WHAT TO DO: Transcribe exactly each line of the entries, from the opening line to the line with "Prada Sport Sneakers", with both of those lines included.

EXTRACTED INFORMATION:
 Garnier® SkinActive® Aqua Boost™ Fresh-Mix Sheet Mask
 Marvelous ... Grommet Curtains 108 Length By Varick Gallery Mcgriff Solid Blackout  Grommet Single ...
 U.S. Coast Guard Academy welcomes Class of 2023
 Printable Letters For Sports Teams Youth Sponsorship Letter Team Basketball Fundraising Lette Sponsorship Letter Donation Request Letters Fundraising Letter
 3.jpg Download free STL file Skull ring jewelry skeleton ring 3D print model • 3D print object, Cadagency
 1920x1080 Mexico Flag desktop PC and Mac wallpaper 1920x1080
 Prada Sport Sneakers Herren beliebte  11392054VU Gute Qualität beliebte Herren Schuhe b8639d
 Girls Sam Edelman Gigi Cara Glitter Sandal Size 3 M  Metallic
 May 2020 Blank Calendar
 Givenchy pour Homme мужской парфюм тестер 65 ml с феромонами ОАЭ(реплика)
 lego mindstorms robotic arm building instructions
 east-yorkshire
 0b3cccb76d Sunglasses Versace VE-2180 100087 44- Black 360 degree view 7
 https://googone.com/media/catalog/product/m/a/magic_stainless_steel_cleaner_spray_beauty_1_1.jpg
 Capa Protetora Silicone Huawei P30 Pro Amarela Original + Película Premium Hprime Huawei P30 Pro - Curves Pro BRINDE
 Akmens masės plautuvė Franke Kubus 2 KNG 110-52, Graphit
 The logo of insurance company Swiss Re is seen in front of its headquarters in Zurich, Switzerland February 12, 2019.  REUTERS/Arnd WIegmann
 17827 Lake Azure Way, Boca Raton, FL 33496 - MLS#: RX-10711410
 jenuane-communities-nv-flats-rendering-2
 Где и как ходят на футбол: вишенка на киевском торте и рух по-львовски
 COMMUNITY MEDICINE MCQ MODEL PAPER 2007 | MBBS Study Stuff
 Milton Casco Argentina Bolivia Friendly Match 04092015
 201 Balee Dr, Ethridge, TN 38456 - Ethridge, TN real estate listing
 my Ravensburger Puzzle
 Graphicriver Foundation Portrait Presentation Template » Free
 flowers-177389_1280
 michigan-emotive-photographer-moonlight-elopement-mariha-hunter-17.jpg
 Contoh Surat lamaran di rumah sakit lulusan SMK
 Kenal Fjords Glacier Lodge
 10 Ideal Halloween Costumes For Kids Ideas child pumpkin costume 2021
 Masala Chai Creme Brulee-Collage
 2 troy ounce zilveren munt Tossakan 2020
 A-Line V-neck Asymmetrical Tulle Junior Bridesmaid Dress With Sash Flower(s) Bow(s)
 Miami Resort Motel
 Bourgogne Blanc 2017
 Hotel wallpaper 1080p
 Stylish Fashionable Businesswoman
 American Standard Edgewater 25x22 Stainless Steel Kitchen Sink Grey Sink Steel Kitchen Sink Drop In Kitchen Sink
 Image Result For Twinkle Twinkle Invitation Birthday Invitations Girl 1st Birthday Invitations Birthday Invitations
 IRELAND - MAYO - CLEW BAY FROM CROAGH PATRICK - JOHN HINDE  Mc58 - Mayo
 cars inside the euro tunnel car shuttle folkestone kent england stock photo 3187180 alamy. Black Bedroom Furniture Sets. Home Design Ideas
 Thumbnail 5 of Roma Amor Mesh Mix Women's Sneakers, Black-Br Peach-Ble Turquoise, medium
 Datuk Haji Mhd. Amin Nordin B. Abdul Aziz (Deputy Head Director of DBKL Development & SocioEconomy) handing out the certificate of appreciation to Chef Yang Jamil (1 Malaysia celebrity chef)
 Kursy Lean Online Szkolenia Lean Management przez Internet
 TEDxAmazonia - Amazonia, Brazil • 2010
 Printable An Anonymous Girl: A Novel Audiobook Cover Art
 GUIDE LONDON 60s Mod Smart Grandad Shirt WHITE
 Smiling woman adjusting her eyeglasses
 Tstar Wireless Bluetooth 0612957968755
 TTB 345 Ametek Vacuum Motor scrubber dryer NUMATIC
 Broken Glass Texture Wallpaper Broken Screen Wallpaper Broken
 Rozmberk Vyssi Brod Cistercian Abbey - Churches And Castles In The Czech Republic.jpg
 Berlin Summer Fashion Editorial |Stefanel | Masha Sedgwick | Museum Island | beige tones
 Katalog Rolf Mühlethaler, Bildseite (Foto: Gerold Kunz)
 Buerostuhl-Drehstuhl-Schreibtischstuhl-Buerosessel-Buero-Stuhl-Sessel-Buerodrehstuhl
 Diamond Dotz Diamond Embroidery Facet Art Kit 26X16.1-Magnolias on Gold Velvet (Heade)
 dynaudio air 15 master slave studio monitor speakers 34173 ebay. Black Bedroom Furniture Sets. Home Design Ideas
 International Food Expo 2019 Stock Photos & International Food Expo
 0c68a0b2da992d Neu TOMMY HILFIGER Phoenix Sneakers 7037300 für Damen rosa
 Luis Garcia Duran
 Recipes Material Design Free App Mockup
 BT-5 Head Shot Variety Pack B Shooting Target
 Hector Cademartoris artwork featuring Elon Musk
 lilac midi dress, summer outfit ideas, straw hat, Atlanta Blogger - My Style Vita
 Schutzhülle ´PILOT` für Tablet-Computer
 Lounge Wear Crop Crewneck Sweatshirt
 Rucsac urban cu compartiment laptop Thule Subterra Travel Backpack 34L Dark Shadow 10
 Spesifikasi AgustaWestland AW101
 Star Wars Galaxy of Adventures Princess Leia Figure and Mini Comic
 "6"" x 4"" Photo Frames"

ANSWER TO THIS EXERCISE:
 Garnier® SkinActive® Aqua Boost™ Fresh-Mix Sheet Mask
 Marvelous ... Grommet Curtains 108 Length By Varick Gallery Mcgriff Solid Blackout  Grommet Single ...
 U.S. Coast Guard Academy welcomes Class of 2023
 Printable Letters For Sports Teams Youth Sponsorship Letter Team Basketball Fundraising Lette Sponsorship Letter Donation Request Letters Fundraising Letter
 3.jpg Download free STL file Skull ring jewelry skeleton ring 3D print model • 3D print object, Cadagency
 1920x1080 Mexico Flag desktop PC and Mac wallpaper 1920x1080
 Prada Sport Sneakers Herren beliebte  11392054VU Gute Qualität beliebte Herren Schuhe b8639d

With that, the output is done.